Even if boomers do pull away from stocks, that probably won't crash the market; Stanford economist John Shoven figures they'll retire over a 30-year period (roughly 2005 to 2035), which means their selloff of stocks will be spread mighty thin. More likely is that boomers, like other retirees, will shift into safer, income-producing investments--mainly bonds--as they age. If other factors don't act up, this could even set the stage for an extended period when bonds outperform stocks. Don't laugh--it's happened before, sometimes for years on end. (For more on the reasons to consider bonds, see the following story.)

EVERYTHING ELSE Your retirement will feel the largest generation's clout in many other ways. Will you work in retirement? Probably. Just remember that the boomers have been bending labor markets since millions of them poured into the work force in the '70s, sending real wages down 8% after years of steady increases. If this is a course you intend to pursue, start laying the foundation now. You don't want to be just another consultant in the crowd.

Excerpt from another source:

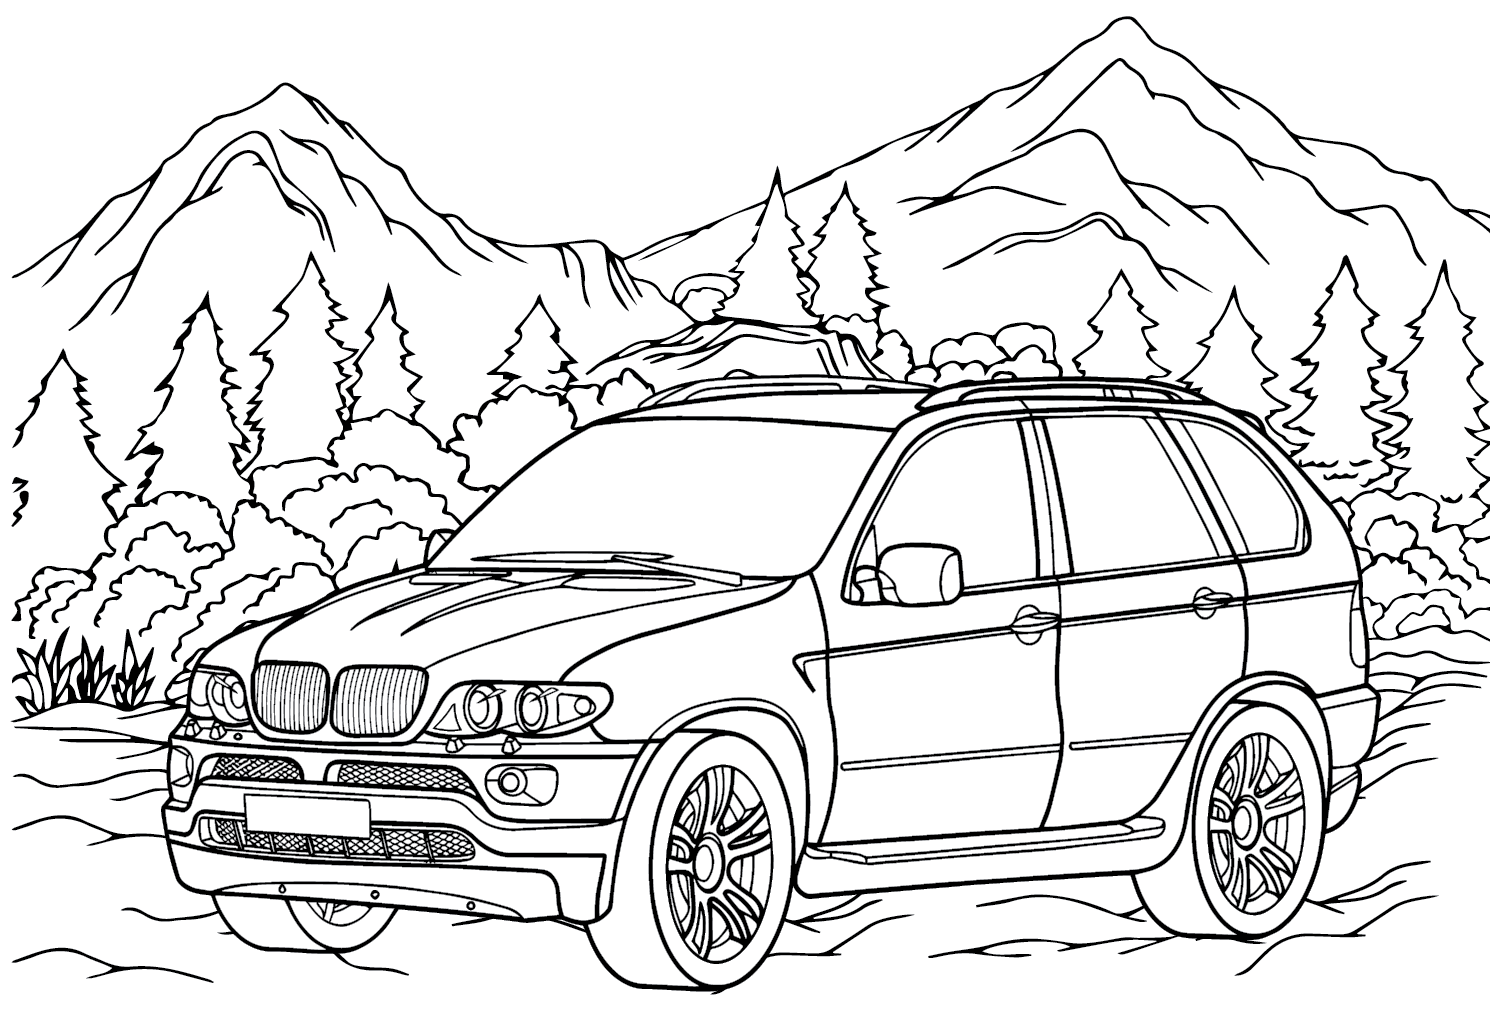 BMW X5 Coloring Page from BMW

What will you drive? Today's craze for sport-utility vehicles will have passed, but for now, says analyst Gary Lapidus of Sanford C. Bernstein, "demand is constantly ahead of supply. That means capacity utilization is high, and in the auto business that equals fat profits." If you want the boomer status symbols, expect to pay big markups going forward. That goes for cars, golf memberships, and everything else they crave.

None of this is a disaster. On the contrary, you can have a comfortable, even joyous, retirement that lasts a long time. Just remember that you must plan it according to rules no one has had to follow before. Above all, keep your eye on that massive throng just cresting the horizon. Because it's charging this way.